Mar 09 '25 11:03 kadirnar

@zaidato I got the same error as you when I set the batch-size to 8 😆

Mar 09 '25 21:03 kadirnar

You got an error at epoch 50. I think it's because you set TMA_epoch: 50 # TMA starting epoch (1st stage). You need to decrease batch size to fix that In my case, A100x40GB I set batch_size=3 and max_len = 300. Very small batch size for A100 GPU

Mar 11 '25 02:03 zaidato

You got an error at epoch 50. I think it's because you set TMA_epoch: 50 # TMA starting epoch (1st stage). You need to decrease batch size to fix that In my case, A100x40GB I set batch_size=3 and max_len = 300. Very small batch size for A100 GPU

I added FP16 support to the StyleTTS2 model and made a few adjustments. I trained it with a batch size of 32. Currently at epoch 86, the loss value started returning nan. Do you have any knowledge about this issue? How many GPUs are you training on?

Mar 11 '25 10:03 kadirnar

I faced the same problem when using FP16

Mar 11 '25 15:03 zaidato

@zaidato I managed to train using this repo. There was only a bug with context_length. I fixed that by updating the mel_dataset. If there are successful results after training, I will create a new repo and explain it in detail. I just need to experiment with epoch values.

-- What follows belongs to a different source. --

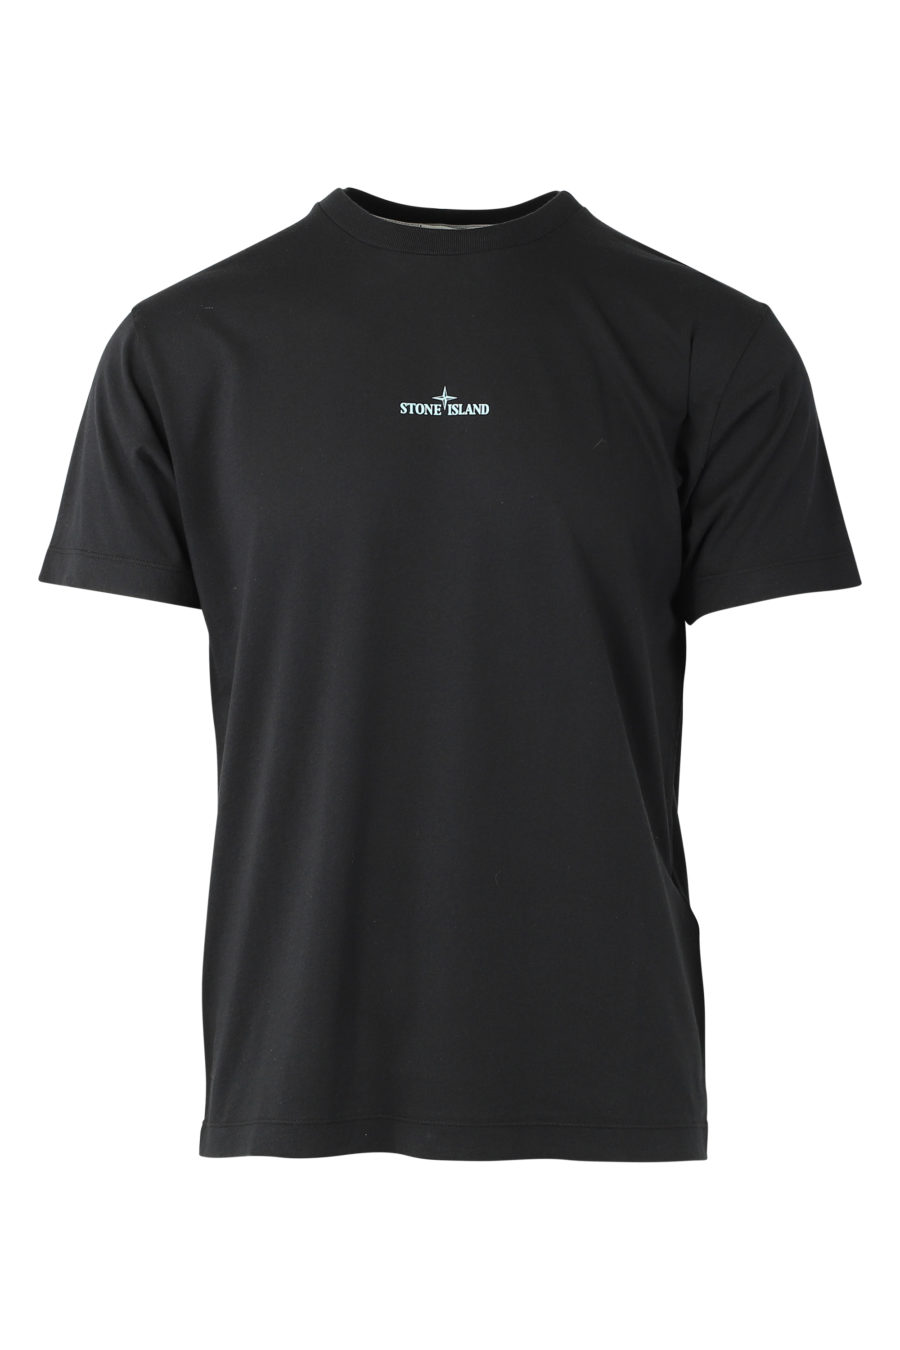 Camiseta negra con logotipo multicolor detrás - IMG 9324

https://github.com/Respaired/Tsukasa-Speech

Mar 12 '25 21:03 kadirnar

@kadirnar What does context length mean? In your repo, you set batch_size: 64 and max_len: 560. How can you increase these values without getting out of memory?

Mar 24 '25 04:03 zaidato

@kadirnar What does context length mean? In your repo, you set batch_size: 64 and max_len: 560. How can you increase these values without getting out of memory?

The transcript file length should not exceed 512. I shared the experiments I conducted here.

https://github.com/Respaired/Tsukasa-Speech/issues/6

Mar 24 '25 11:03 kadirnar